[EXCERPTED RECORDS]

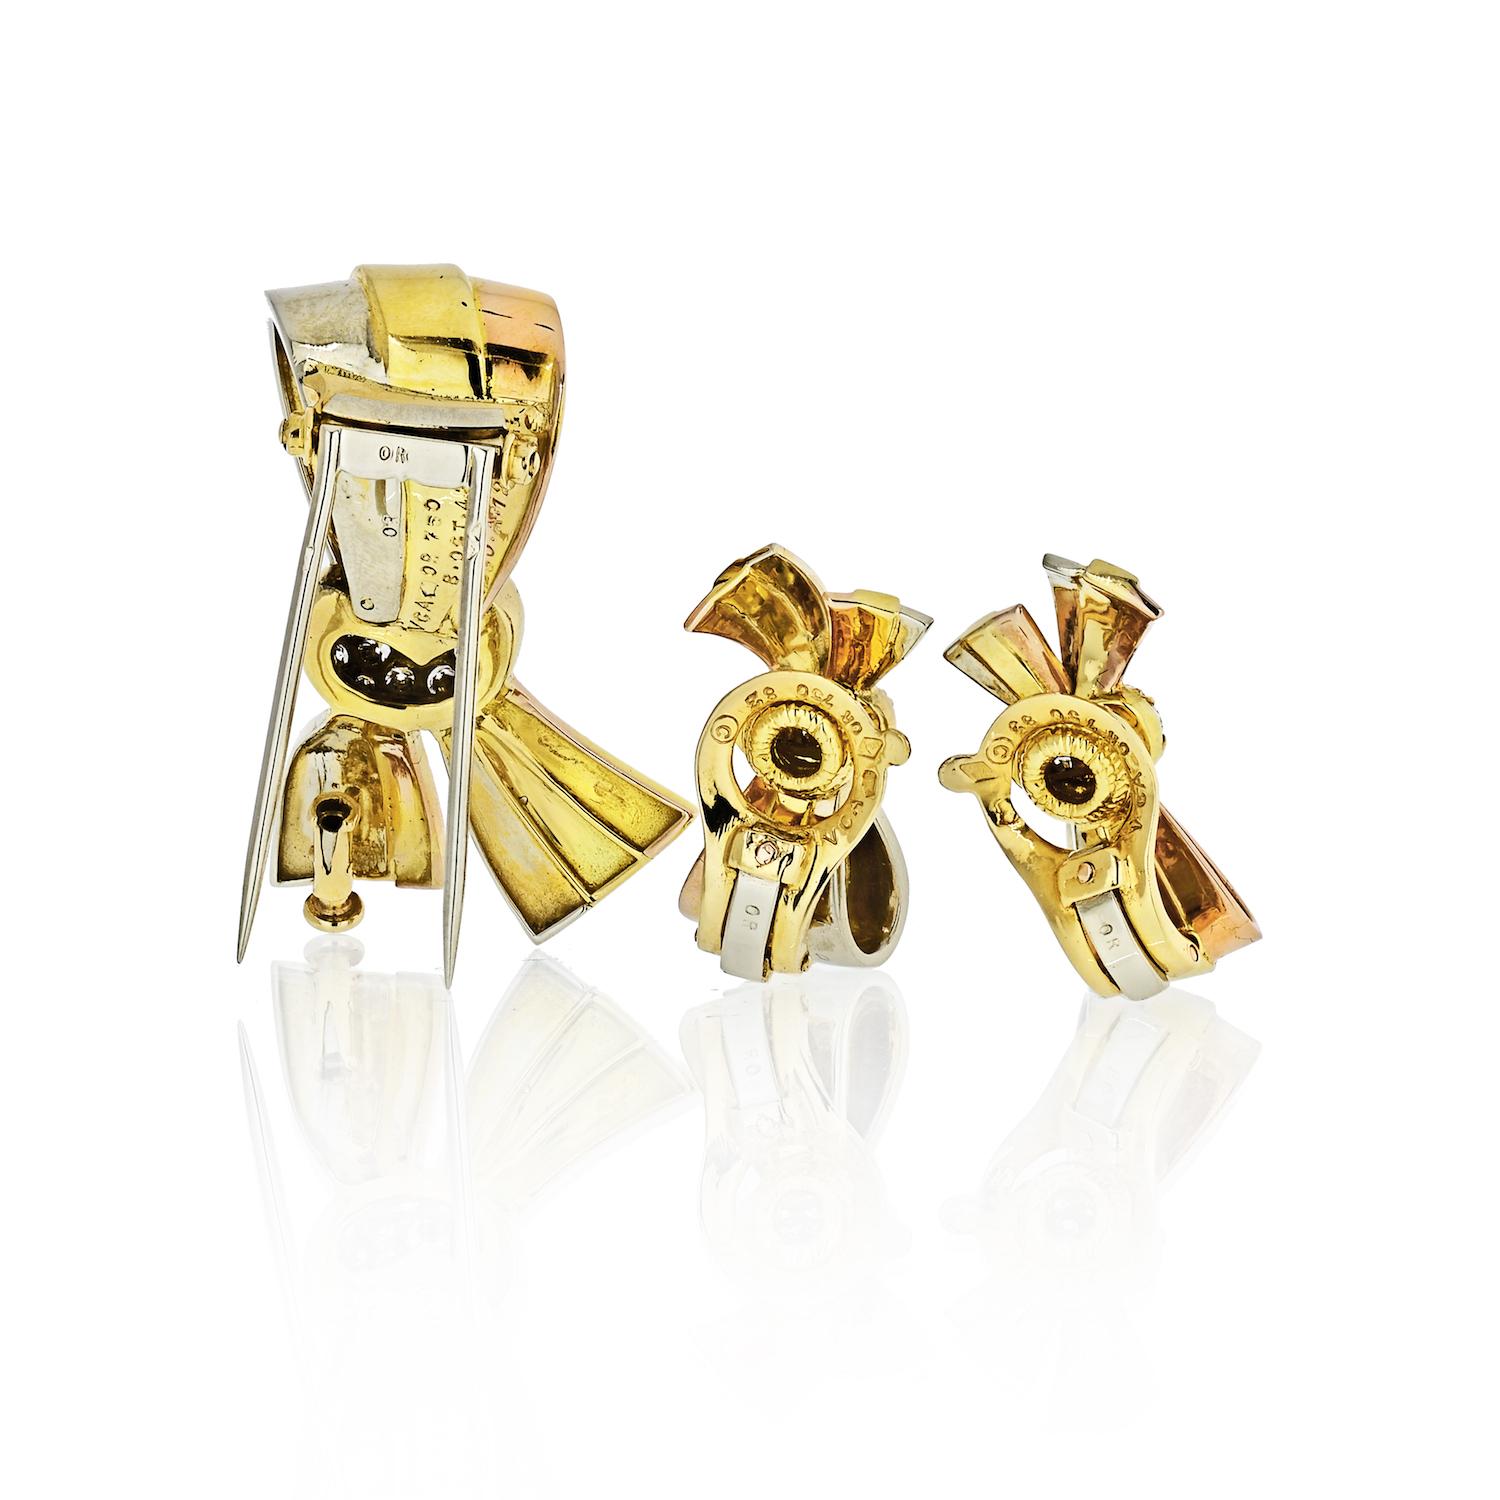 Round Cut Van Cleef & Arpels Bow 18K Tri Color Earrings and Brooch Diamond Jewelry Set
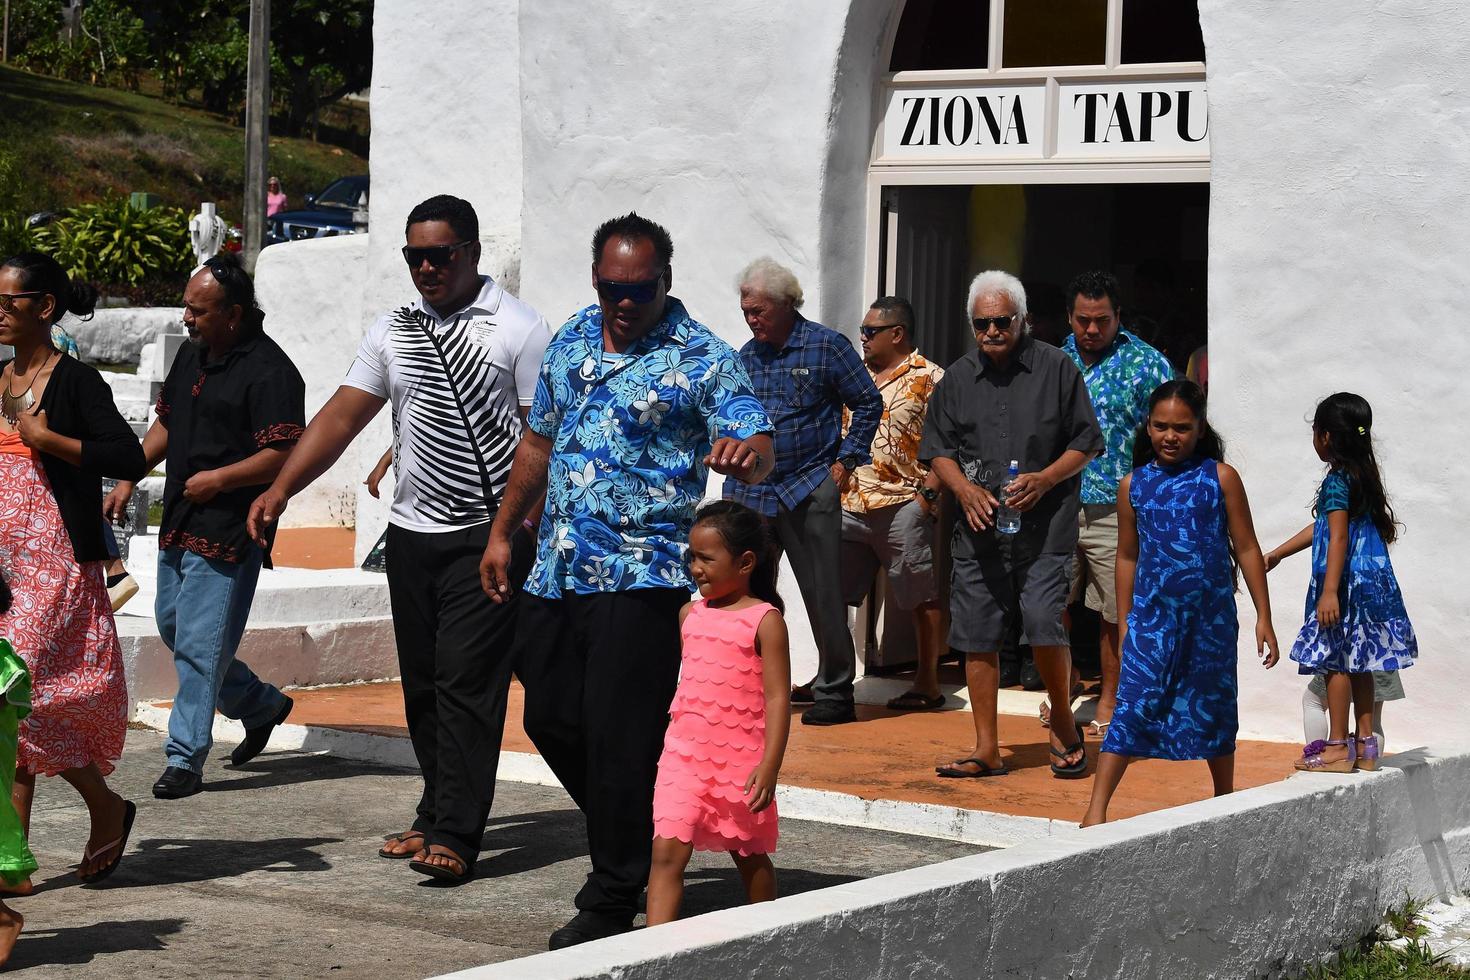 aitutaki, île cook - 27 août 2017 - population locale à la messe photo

[/EXCERPTED RECORDS]
[EXCERPTED RECORDS]

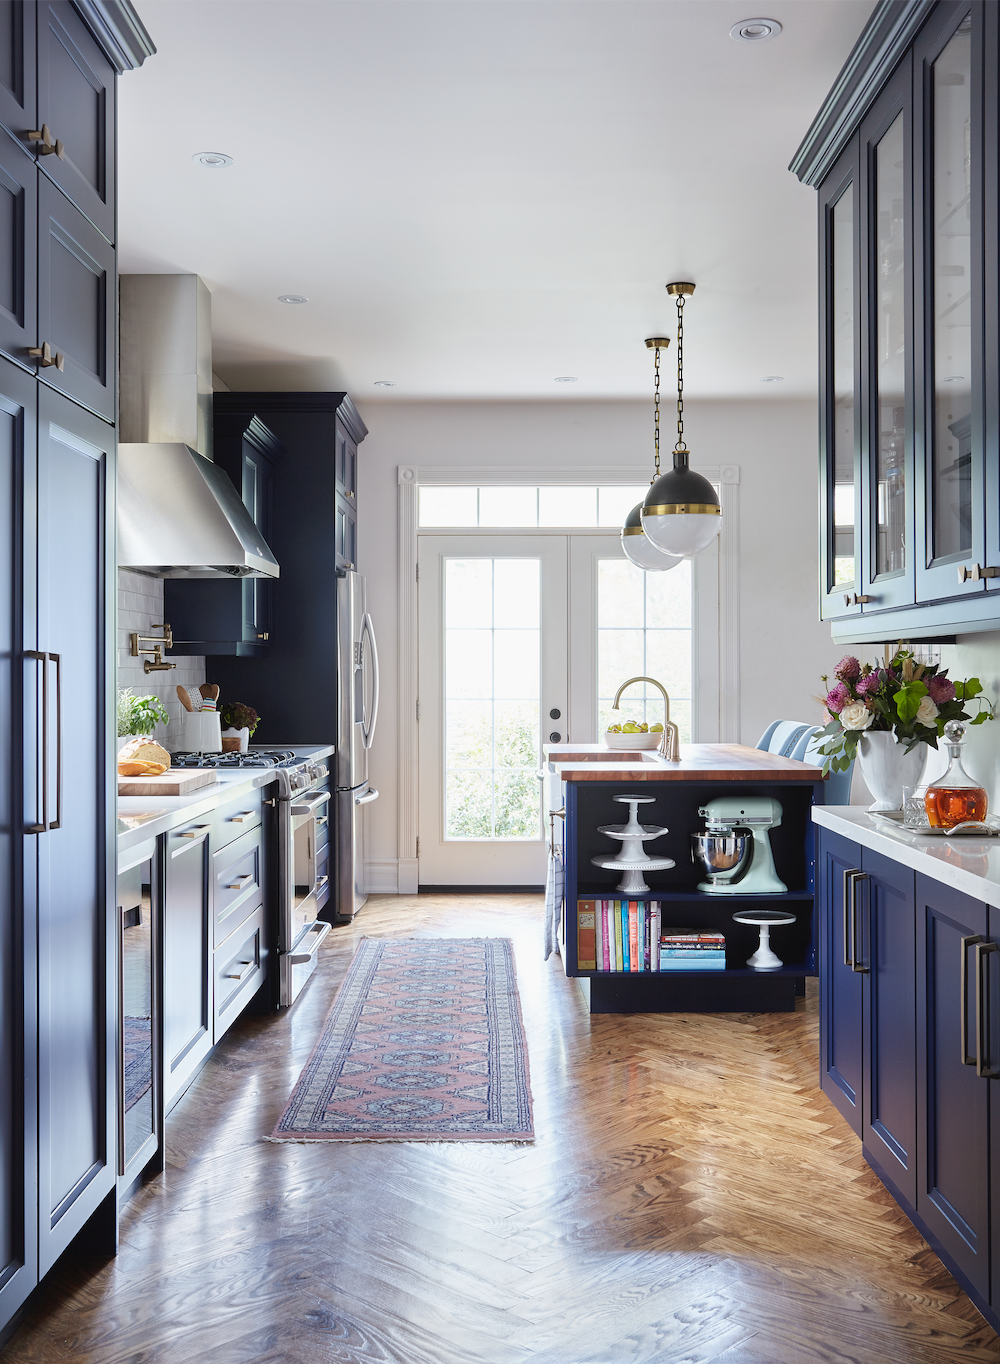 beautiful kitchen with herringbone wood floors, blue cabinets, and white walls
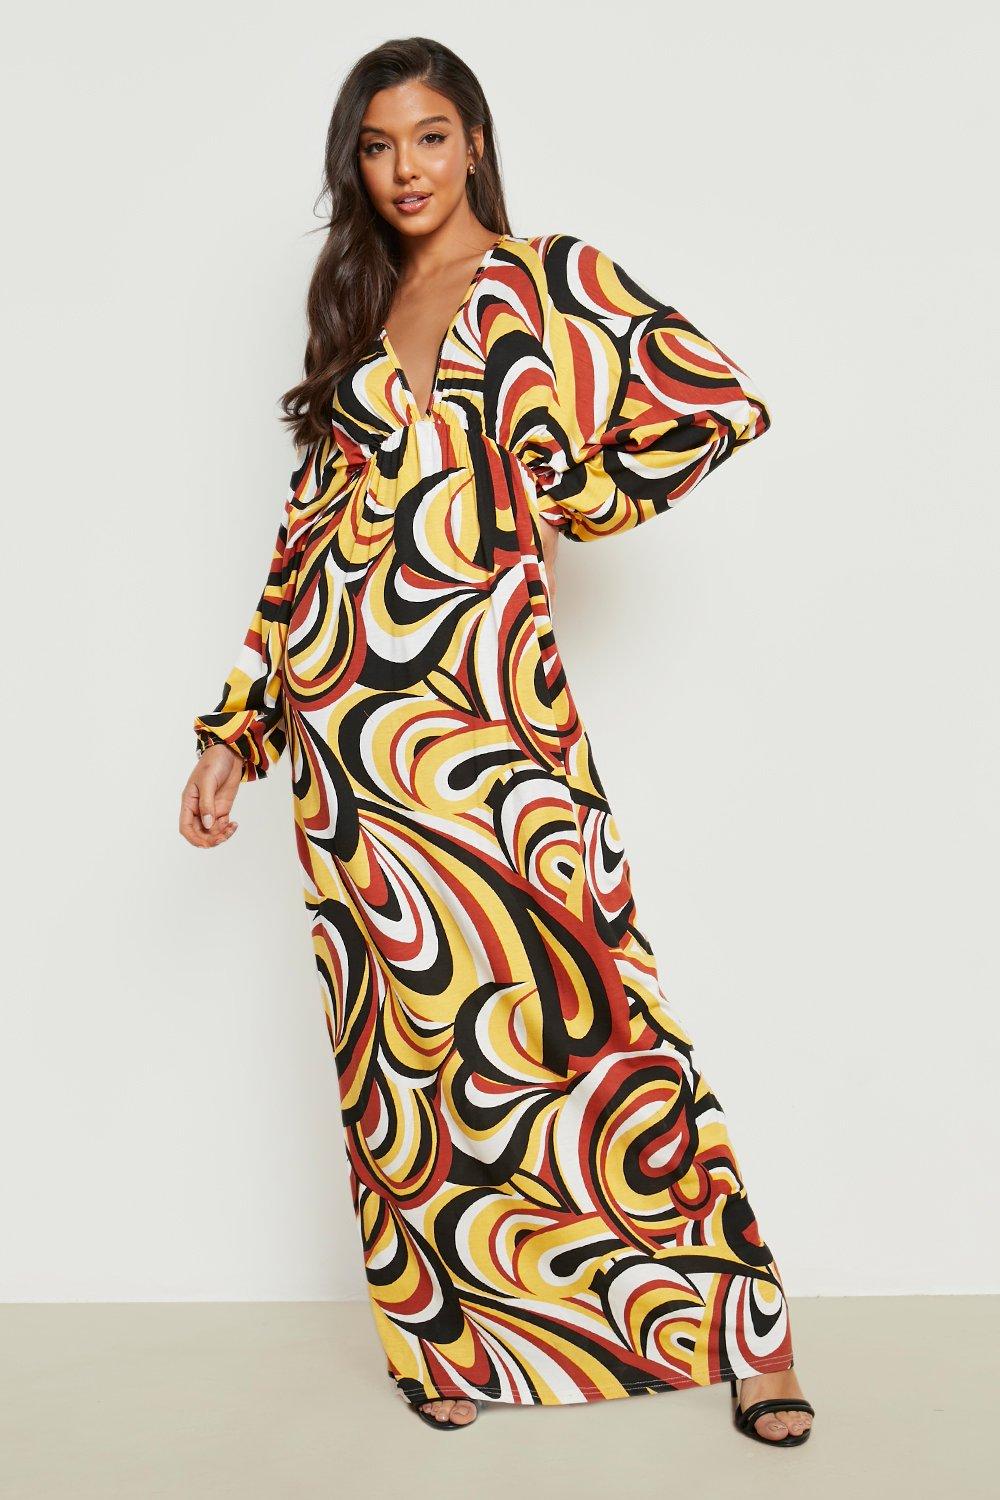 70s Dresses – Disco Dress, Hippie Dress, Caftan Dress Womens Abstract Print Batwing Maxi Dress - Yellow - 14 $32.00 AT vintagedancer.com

[/EXCERPTED RECORDS]

_ACTIVITY_. Print, exactly, each line above from the one with "Round Cut Van" to the one with "aitutaki, île cook", end lines included. Leave pictures out of it.

_SOLVED PROBLEM_.
 Round Cut Van Cleef & Arpels Bow 18K Tri Color Earrings and Brooch Diamond Jewelry Set
 aitutaki, île cook - 27 août 2017 - population locale à la messe photo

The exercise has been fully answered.